Node reliability tracking
We've had this for a while, not with explicit blacklisting but basic greylisting, building up a list of nodes we don't trust and never asking for them explicitly. What's changed is the sophistication of listing and how we react to it.
  1. We differentiate failure types; Node failure counters discard those which are node-independent (example: container memory limits exceeded), and those which are simply pre-emption events. (SLIDER-856).
  2. Similarly, component role failure counters don't count node failures or pre-emption in the reliability statistics of a role.
  3. The counters of role & node failures used for deciding, respectively if an app is failing or a node is unreliable , are reset on a regular, schedule basis (a few hours, tunable).
  4. If we don't trust a node, we don't ask for containers on it, even if is the last place where it ran. (Exception: if you declare that a component placement policy is "strict". It's always asked for again, and there is no escalation).
Reliability tracking should make a difference if a node is playing up. There's a lot more we could do here —we just have to be pragmatic and build things up as we go along.

Where next?

Absolutely key is anti-affinity. I don't see YARN-1042  coming soon —but that's OK. Now we do our own escalation, we can integrate that with anti affinity.

How? ask for a container at a time, blacklisting all those nodes where we've already got an instance. Ramp-up time will be slower, especially taking in to account that escalation may result in container allocations taking minutes before a dead/overloaded node is given up on.

Maybe it could be something like
  1. inital request: blacklist all but those we last ran on.
  2. escalation: relax to all but: nodes those with outstanding requests or allocated containers -or considered too unreliable.
  3. do this in parallel, discarding allocations which assign >1 instance to the same node.
  4. If, after a certain time, nodes are still unallocated, maybe consider relaxing restriction (as usual: configurable policy and timeouts per role) 
(for "nodes", read "nodes within the label set allowed for that role")
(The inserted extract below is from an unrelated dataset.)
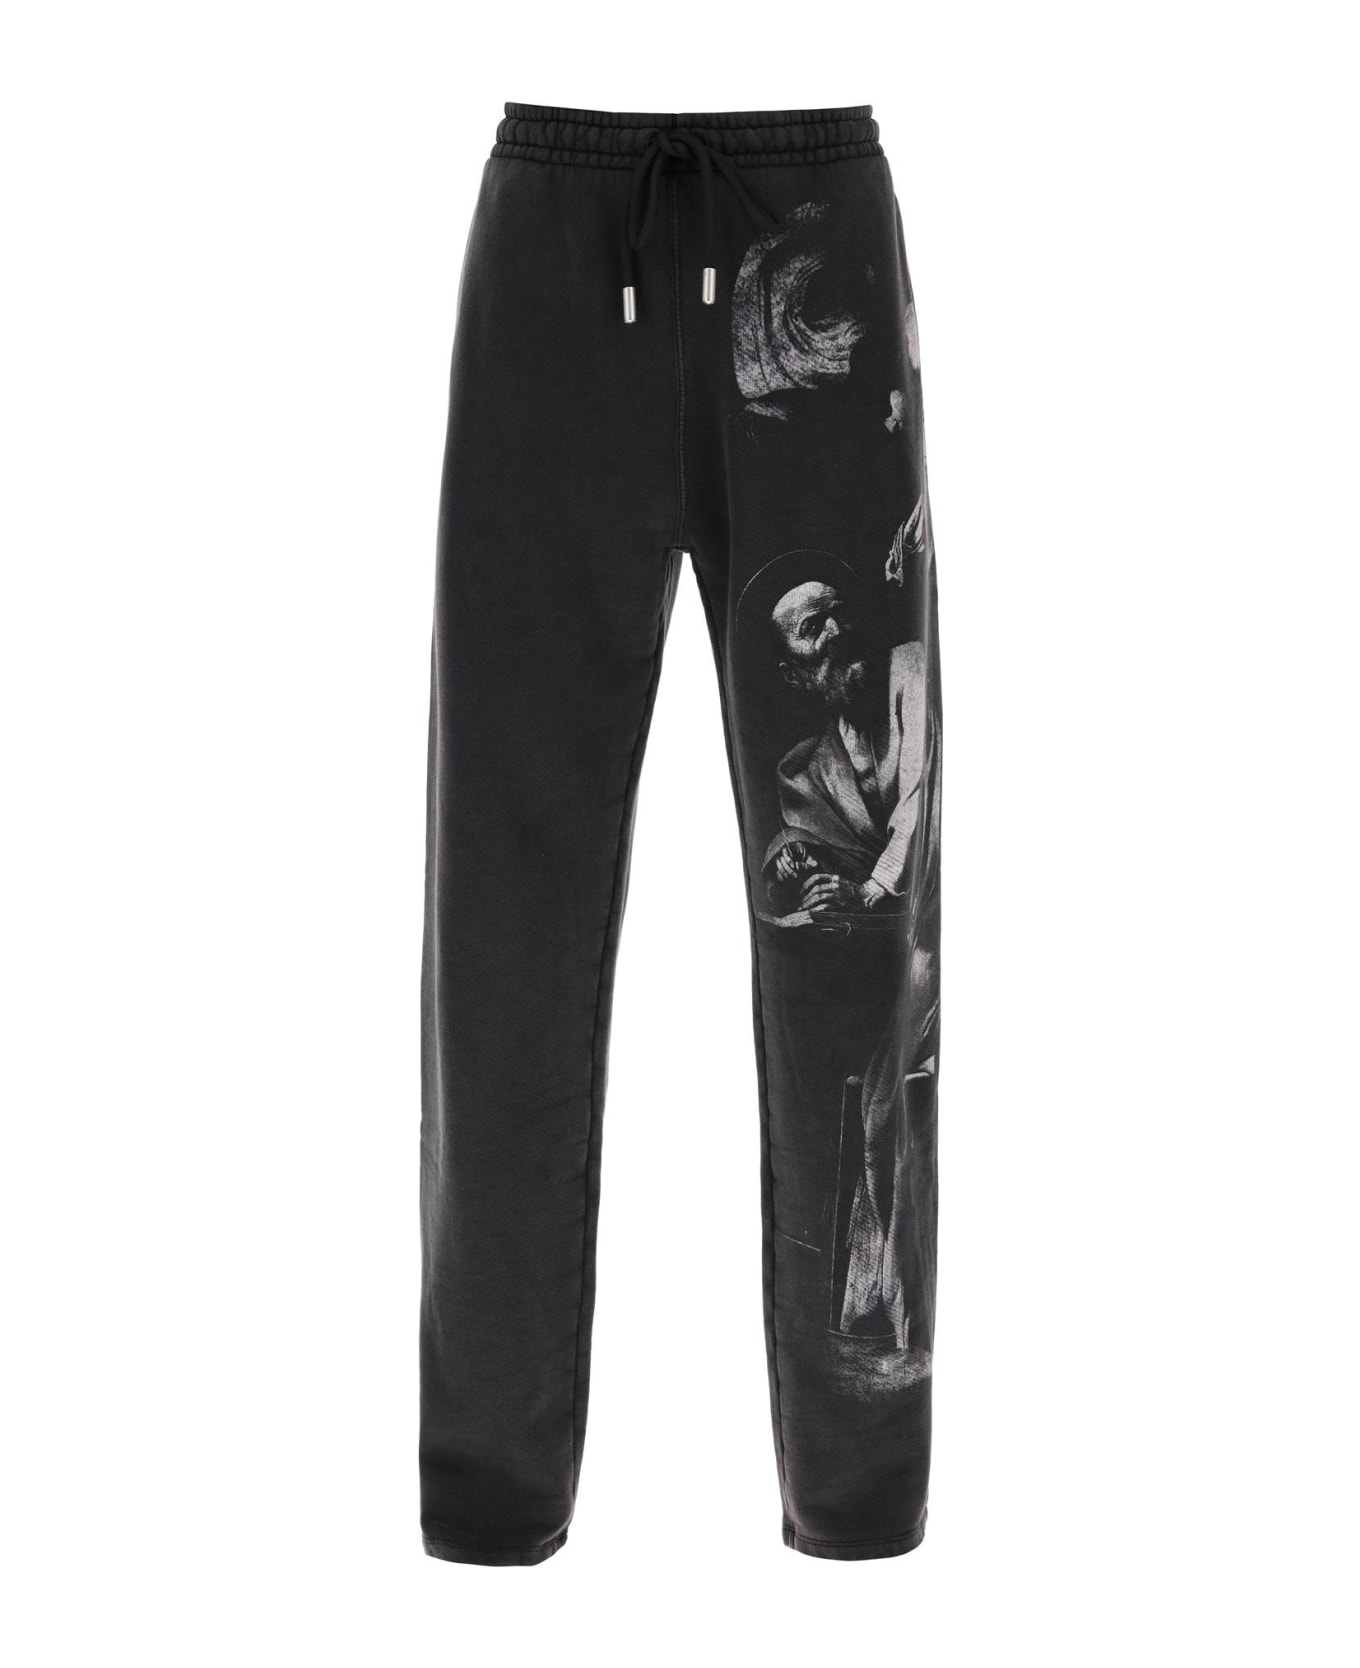 Off-White Pants With Drawstring And Graphic Print - BLACK GREY (Grey)

I need to think about this a bit more to see if it would work, estimate ramp-up times, etc.

Anything else?

Look at Über-JIRA : placement phase 3 for some ideas.

Otherwise, SLIDER-109, Detect and report application liveness. Agents could report in URLs they've built for liveness probes, either they check themselves or the AM hits them all on a schedule (with monitor threads designed to detect the probes themselves hanging). All the code for this is from the Hadoop 1 HA monitor work I did in 2012; it's checked in waiting to be wired up. All we need it someone to do the wiring. Which is where the fact that slider is an OSS project comes in to play.

  1. All of the implemented features listed here are available to anyone who wants to download and run Slider.
  2. All the new ideas are there for someone to implement. Join the team! Check out the source, enhance it, write those simulation tests, submit patches!
This is not just me being too busy; we need a broader developer community to keep slider going and get it out of incubation. The needs of the many, the code of the many, improves the product for all.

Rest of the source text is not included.